Racing the Car Nobody Ever Wanted to Race

The game started slowly.

Fury Race Cars only had one car to take the track rather than having a backup if necessary like most other teams do, so Grala took practice carefully and in small chunks.

“The last thing we wanted to do was go out and wreck it in practice,” Grala said. “So, we just took either four or six laps in [first] practice by ourselves, in about two or three different runs. We sat second practice out altogether.”

In his few practice laps, Grala stayed clear of other cars to keep the car out of trouble. Cars race in large packs at Daytona and are extremely aero dependent, so he didn’t have a feel for how his car would actually race.

Qualifying was rained out, and NASCAR lined up the field by owner points. Because of the new team, Grala started 38th.
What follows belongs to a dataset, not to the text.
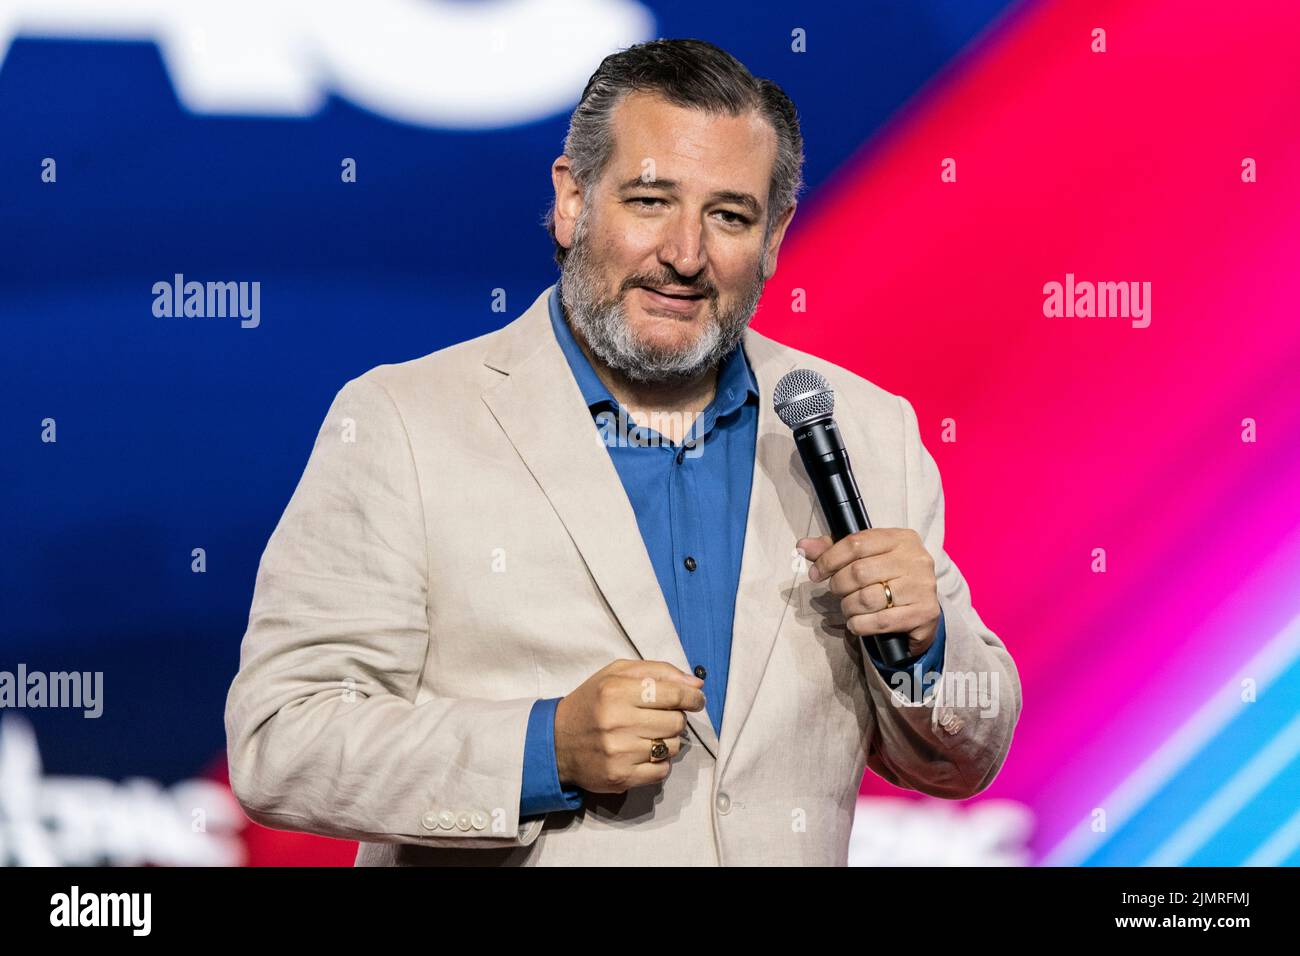 Dallas, TX - August 5, 2022: Senator Ted Cruz speaks during CPAC Texas 2022 conference at Hilton Anatole Stock Photo

“Our first laps in the pack, actually feeling the handling of the car, was in the race,” Grala said.

Grala said despite that, the team finally had the car adjusted the way he wanted it by the last half of the race—and he was fine with taking his time to get there.
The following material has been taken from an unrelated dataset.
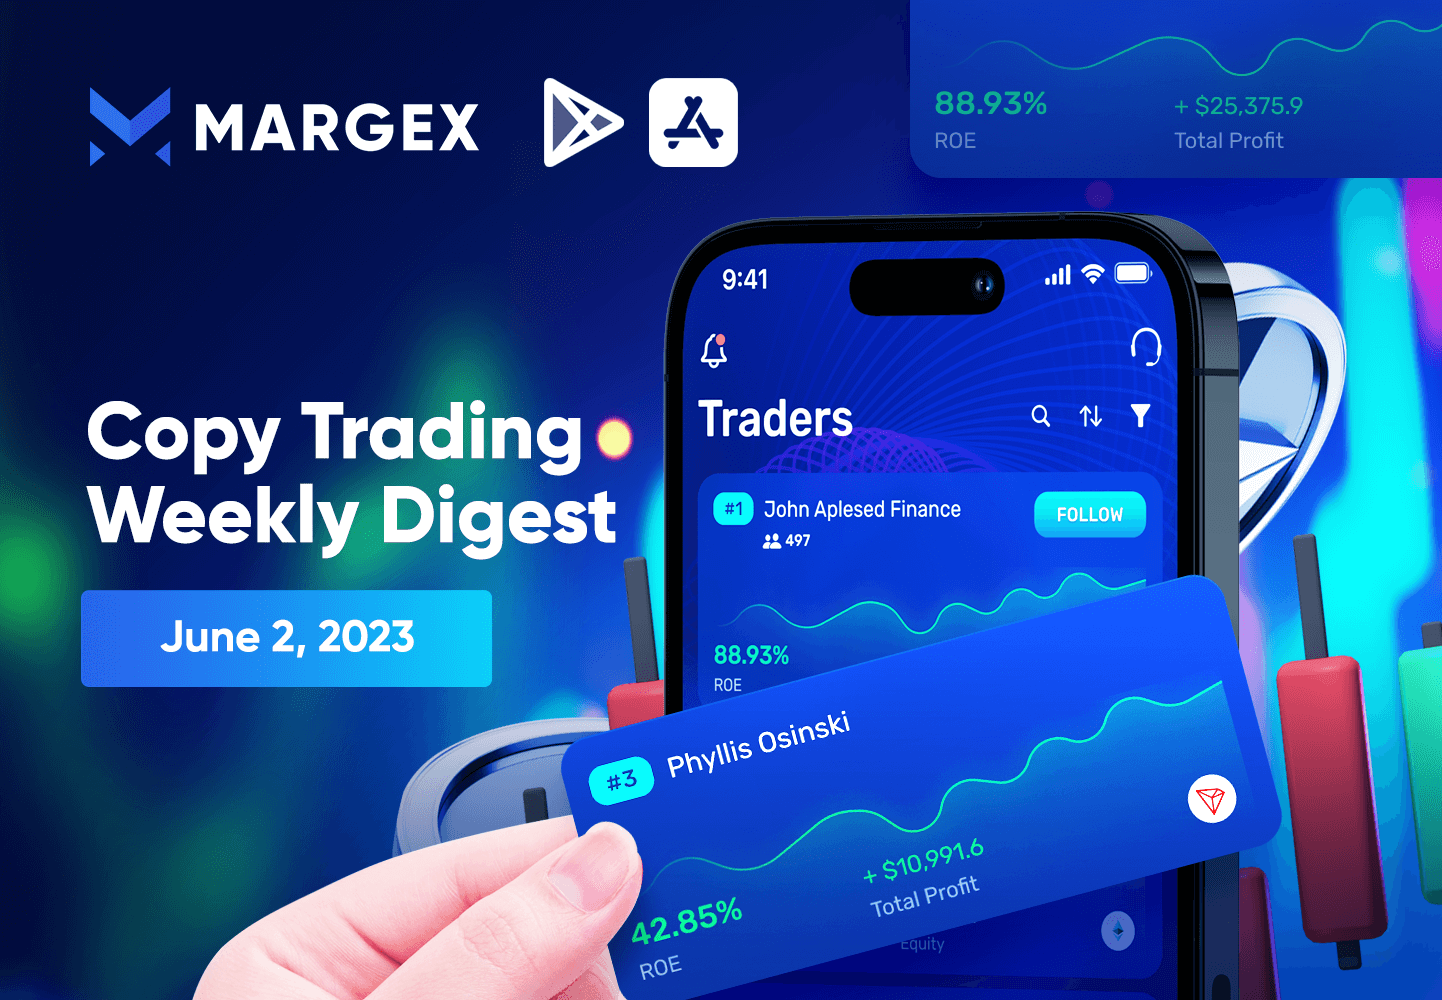 Copy Trading Weekly Digest: June 2, 2023

“These races are easy to go from the back to the front, but really dangerous,” Grala said. “That’s how you often find yourself caught up in the carnage. So, we had to be smart with our strategy to put ourselves into a position where we could miss it.”

By the end, Grala had made it to the front without incident. He was in eighth, and coming to a restart from caution with with seven laps to go. That was the point when he thought to himself, “Alright, we’ve done what we needed to do, we’re in position, we’ve got a shot, so let’s see what we can do with it,” he said.

The feeling didn’t last long.

“Coming to the green for that restart, I felt like I had a right-rear tire going down,” Grala said. He asked another driver next to him to pull up and see if the tire was going down, and the driver said it was. Grala went down pit road for four tires as the rest of the field took the green flag.

Grala left pit road by himself, out of the pack and the draft, which can up car speeds by several miles per hour. (The pole-winning speed for the Talladega Xfinity Series race during single-car qualifying this year was 189.4 mph, while top speeds during the race were around 193 mph.)

Grala was about to go a lap down when another caution came out, sending the race into what NASCAR now calls “overtime”—a two-lap attempt at the finish.

“I was running 24th at the time [of the caution],” Grala said. “With all of those cars that wrecked, I ended up being able to restart 15th.”

Grala went from 15th to sixth during those two laps, eventually getting bumped to fifth when NASCAR uncharacteristically disqualified the original race winner for dipping out of bounds to make a pass.

“Considering our flat tire with only seven laps to go, to come back and finish in the top five was nothing short of extraordinary for us,” Grala said. “Everybody was pumped up.

“And, you never know. Had we been able to restart eighth there at the very end, who’s to say? We could have been in that big one, or we could have had a shot at the win. But I guess we’ll never know.”

He, Eury and the rest of the team will also probably never know what happens to that old, discounted show car they raced to a fifth-place finish at Daytona. (Stewart-Haas didn’t get back to Jalopnik when we asked where exactly it would end up, and Eury didn’t ask at all.)

Fury Race Cars didn’t pull a deal together to run the next race at Kentucky, and started peeling the wrap off when the team got back to the shop on Monday.

“By the end of the day, the car was back to bare metal body,” Grala said. “by the next day, Tuesday, I believe, the car was back on its way to Stewart-Haas.

“That was where the story left off for me.”

It left off there for Eury, too. He said the old Mustang that could was “meant to be,” but that he’s not at all sentimental or invested in finding out where it ends up.

“Nah,” Eury said. “It’s just one of those deals. It’s like, that’s what we do. We build cars, we take them, we race them. You always hope the next car you build will be better than [the last] one, so you never get tied to a car.”